Related ETFs: VanEck Pharmaceutical ETF (PPH), SPDR S&P Biotech ETF (XBI), Robo Global Robotics and Automation Index ETF (ROBO)

Recent advances and investments in artificial intelligence (AI) have been making major headlines lately. As MRP highlighted last week, Microsoft’s potential investment of $10 billion to expand their stake in OpenAI, the creator of popular AI tools ChatGPT and DALL-E, could more than double the startup’s valuation to $29 billion. OpenAI’s suite of products, now set to go premium for use by corporations, utilizes generative AI, which produces unique images, text, and other mediums of communication from human prompts. About 175 billion machine learning (ML) parameters make up the deep learning neural network used in OpenAI’s latest model, GPT-3. To put things in perspective, Analytics Insight notes that Microsoft’s Turing NLG model, which has 10 billion parameters, was the largest learned language model before GPT-3.

Data and parameters used in neural networks and their resultant outputs can be focused on different subjects and industries. The healthcare industry, particularly biopharma and diagnostics, is a business where generative AI is expected to create major disruption in the years ahead. Per survey data published in a recent GlobalData report, The State of the Biopharmaceutical Industry – 202339% of surveyed healthcare industry professionals believed that AI would trend as the most disruptive emerging technology in the sector throughout this year. AI has been voted as the most disruptive emerging healthcare technology every year since 2020, according to Pharmaceutical Technology.

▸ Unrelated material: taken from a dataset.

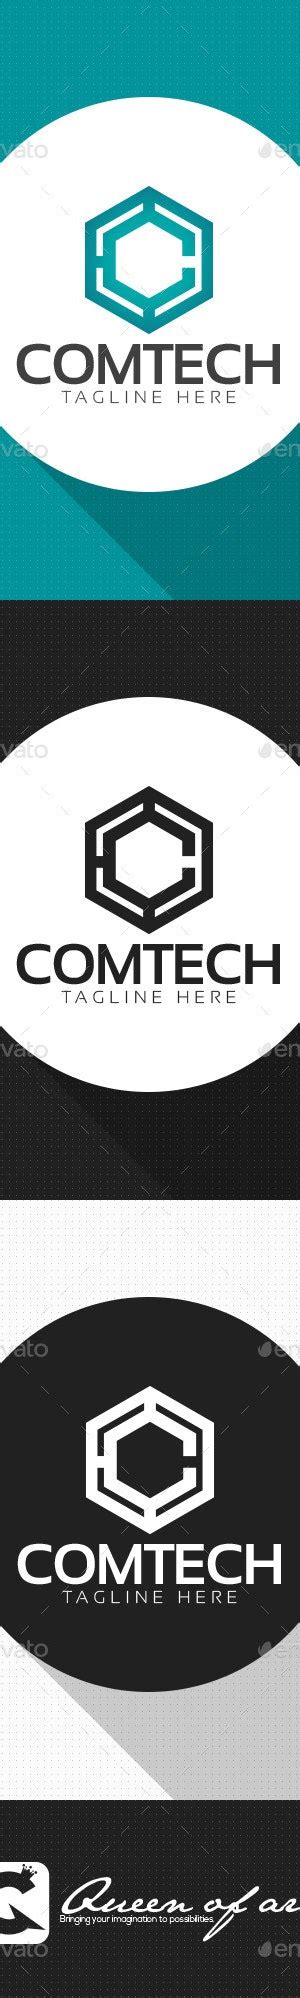 Comtech Logo By Queenofart Graphicriver

Just last week, BioNTech SE agreed to acquire British artificial intelligence (AI) startup InstaDeep for the equivalent of up to $682 million, the firm’s largest takeover deal ever. Per the Chemical Engineer, BioNTech’s acquisition will support the company’s strategy to build capabilities in AI-driven drug discovery and development of next-generation immunotherapies and vaccines.

Several months ago, Nvidia announced the launch of its BioNeMo Large Language Model (LLM) service to help researchers build new artificial intelligence (AI) models for biology, which was used to build a new generative AI model that could…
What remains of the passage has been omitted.